■ BRIEF ■
For the entries that follow, restate word for word the line containing "Shopkins Birthday Invitation Template", the line containing "US Bancorp &", and every line that lies between them.
Start of MATERIAL SUPPLIED
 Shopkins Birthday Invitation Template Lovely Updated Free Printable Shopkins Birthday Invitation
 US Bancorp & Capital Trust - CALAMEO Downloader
End of MATERIAL SUPPLIED
Start of MATERIAL SUPPLIED
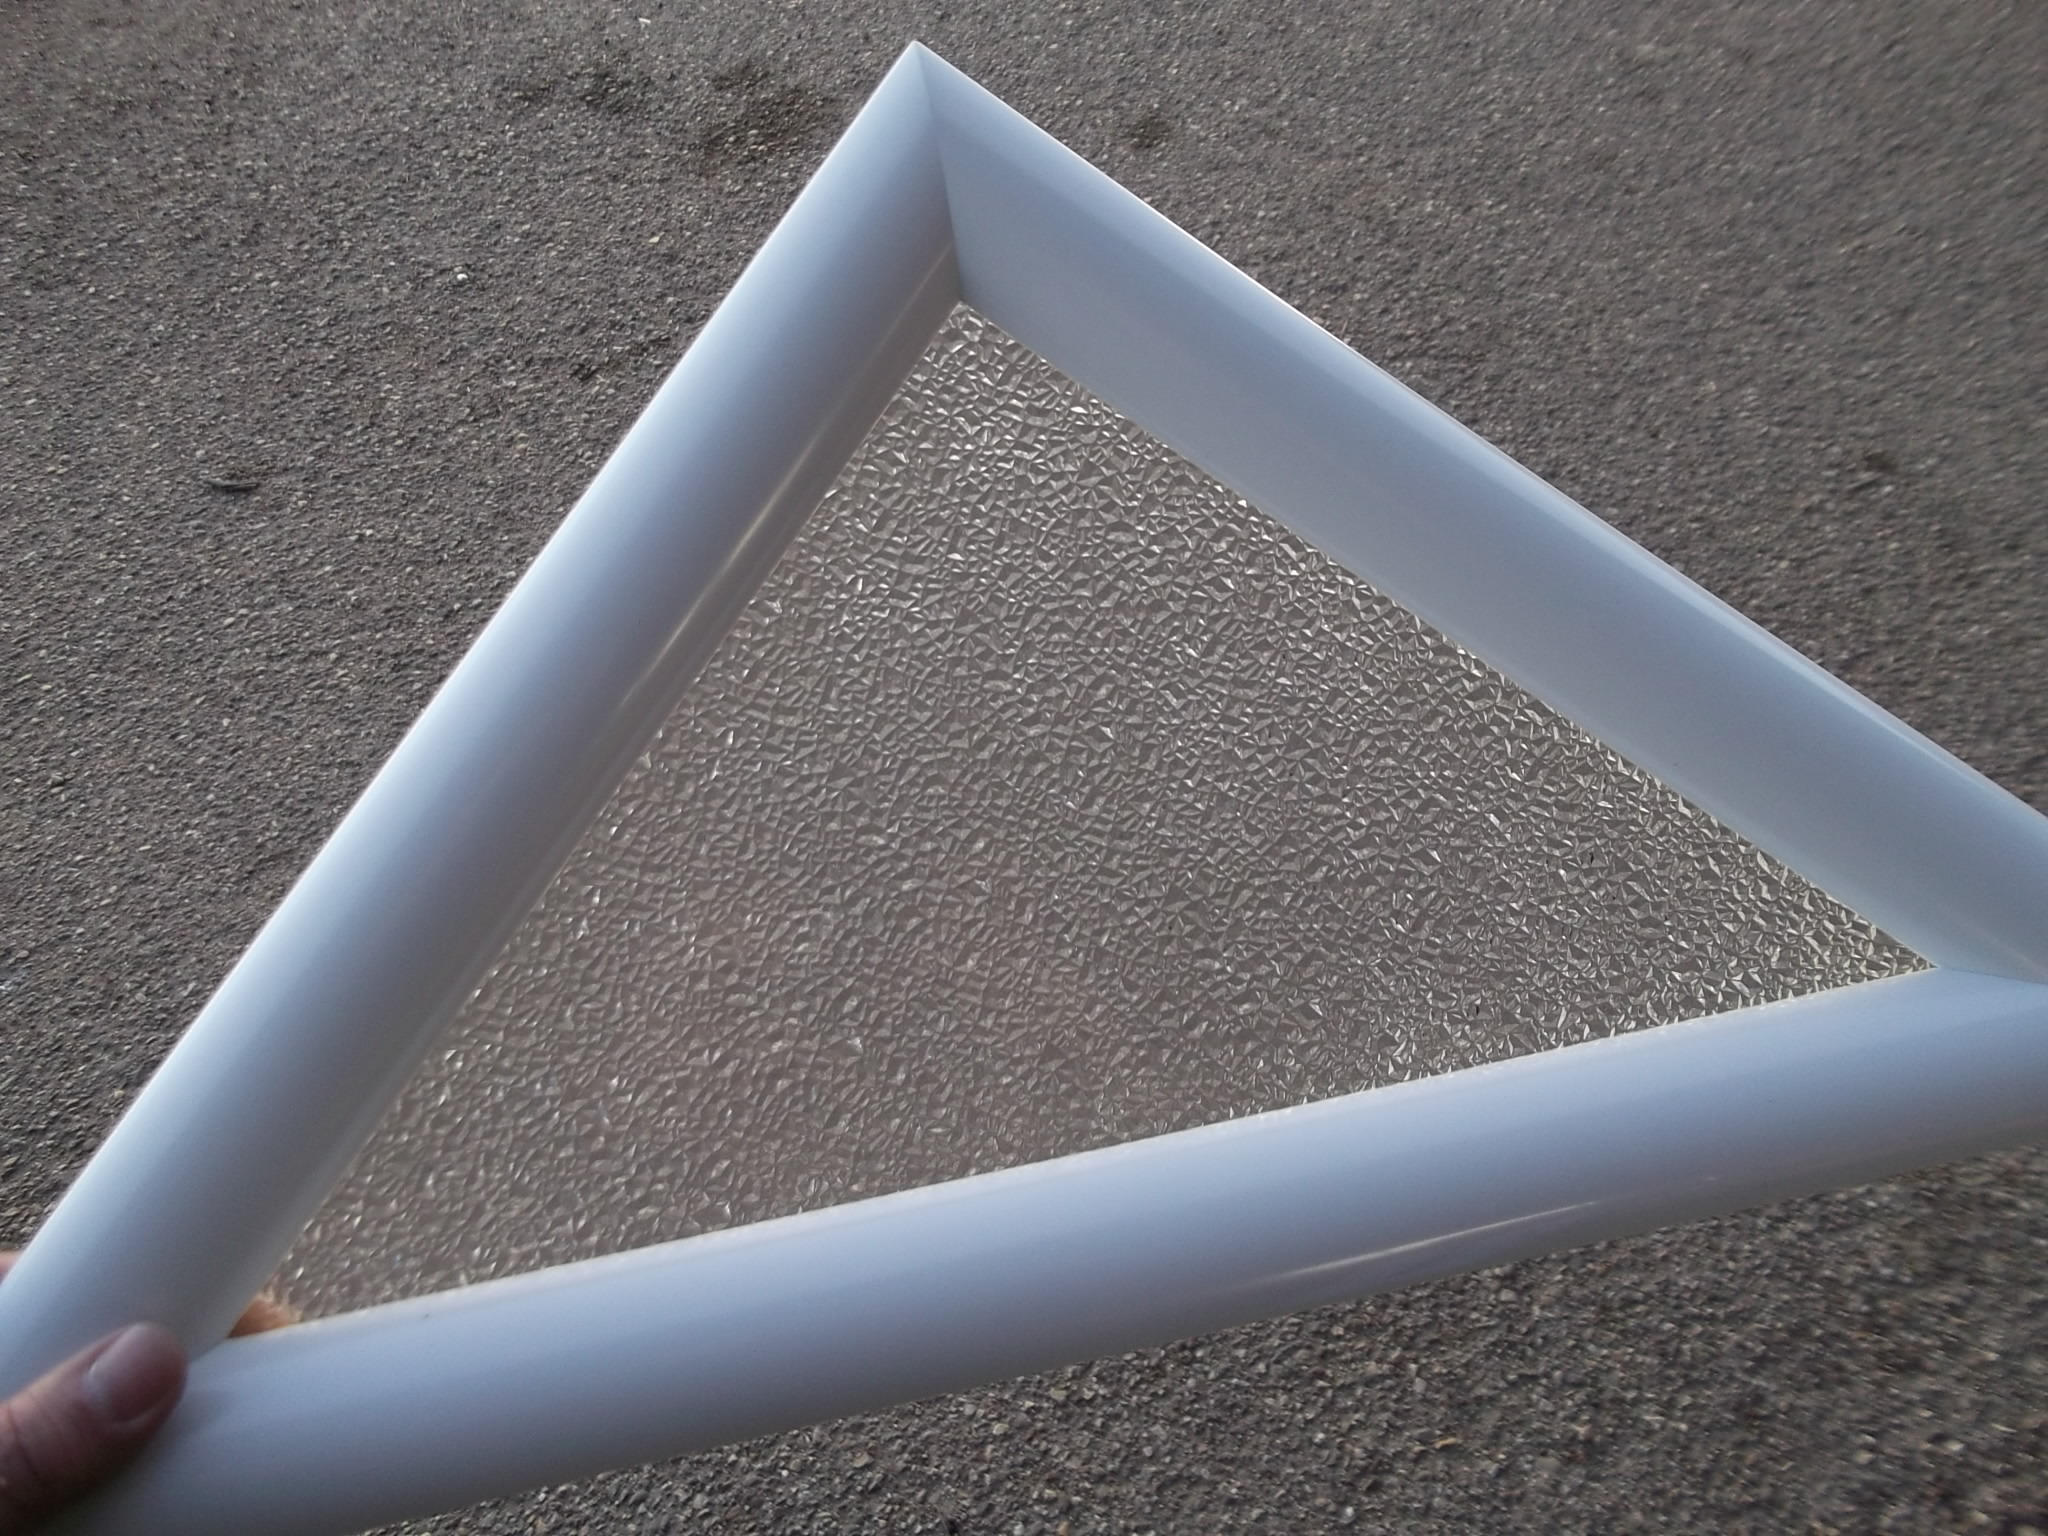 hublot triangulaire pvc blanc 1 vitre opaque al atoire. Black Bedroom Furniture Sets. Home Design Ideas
End of MATERIAL SUPPLIED
■ ANSWER SECTION ■
 Shopkins Birthday Invitation Template Lovely Updated Free Printable Shopkins Birthday Invitation
 US Bancorp & Capital Trust - CALAMEO Downloader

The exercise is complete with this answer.